I still think it is too complicated.  Malicious/stress-testing users can
easily find many other denial of service attacks involving mutexes, without
needing root privilege like settimeofday().  Just using time syscalls,
there is a thread_lock() (not on curthread(?)) in get_thread_cputme().
Thread locking doesn't have much contention but it does use spinlocks so
it delays fast interrupts much the same as a general spinlock, especially
in the UP case.

I counted spinlocks and instructions in the "fast" clock interrupt handler.
There aren't many spinlocks, but there are too many instructions to be fast:

                    -current       my-5.2
Xtimerint          10k-50k        -
clkintr            -              896
hardclock          1091           842  (later counts are included in callers)
tc_windup          987            693
__udivdi3          498            422
timehands_update   163            -

-current is on i386 with an SMP kernel but on a 4x2 core system reduced
to 1x1 since tracing is too broken to work with multiple cores (the
multiple core are hard to control, and bugs cause crashes).  my-5.2 is
on i386 with a UP kernel on a 1x1 core system.  Xtimerint is a "fast"
interrupt handler.  clkintr is a normal interrupt handler scheduled
by a fast interrupt handler since the locking for a fast timer interrupt
handler is too hard to get right.  So the times for all the timer interrupt
handling that is now done by Xtimerint are unavailable in ~5.2.  They
are even larger -- much more for context switches.

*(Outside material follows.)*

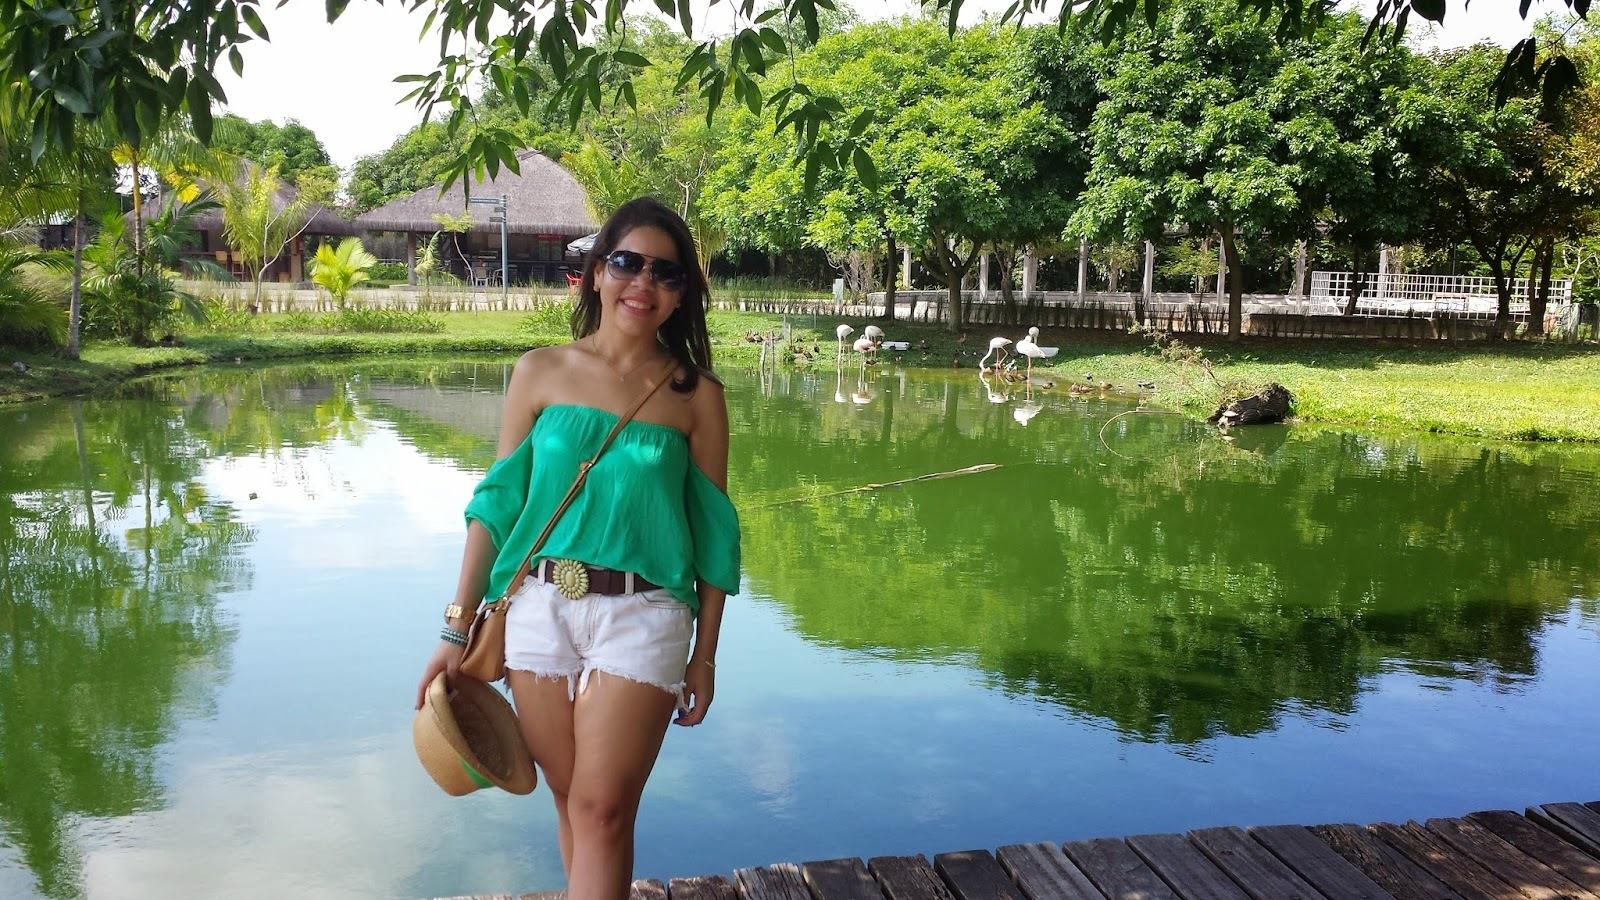 Belém, a sorveteria Cairu e de quebra alguns pontos turísticos ;)

tc_windup takes 30% more instructions in -current for not completely
obvious reasons.  50-60% of the overhead is for a pessimized division,
and somehow the compiler pessimizes this even better in -current than
in 5.2 (using old gcc instead of older gcc).  The division is 64/64 ->
64 bits.  On amd64, this would be a single instruction, but on i386 the
libcall is used.  The pessimizations are:
- the divisor (tc_frequency) is 64 bits, but for all supported timecounters
   it only needs 32 bits.  My CPU can be overclocked to need 33 bits for
   the TSC timecounter, but the only the bogus TSC-low timecounter is
   available, partly to avoid needing the 33rd bit
- i386 has a 64/32 -> 32 bit division instruction which can handle all the
   32-bit divisors that can occur, but no one ever bother to optimize
   __udivdi3 to use this, so the full 64-bit division is always done.
   __udivdi3 shows up in other instruction traces.  This is annoying but
   doesn't really matter since it is not called very often.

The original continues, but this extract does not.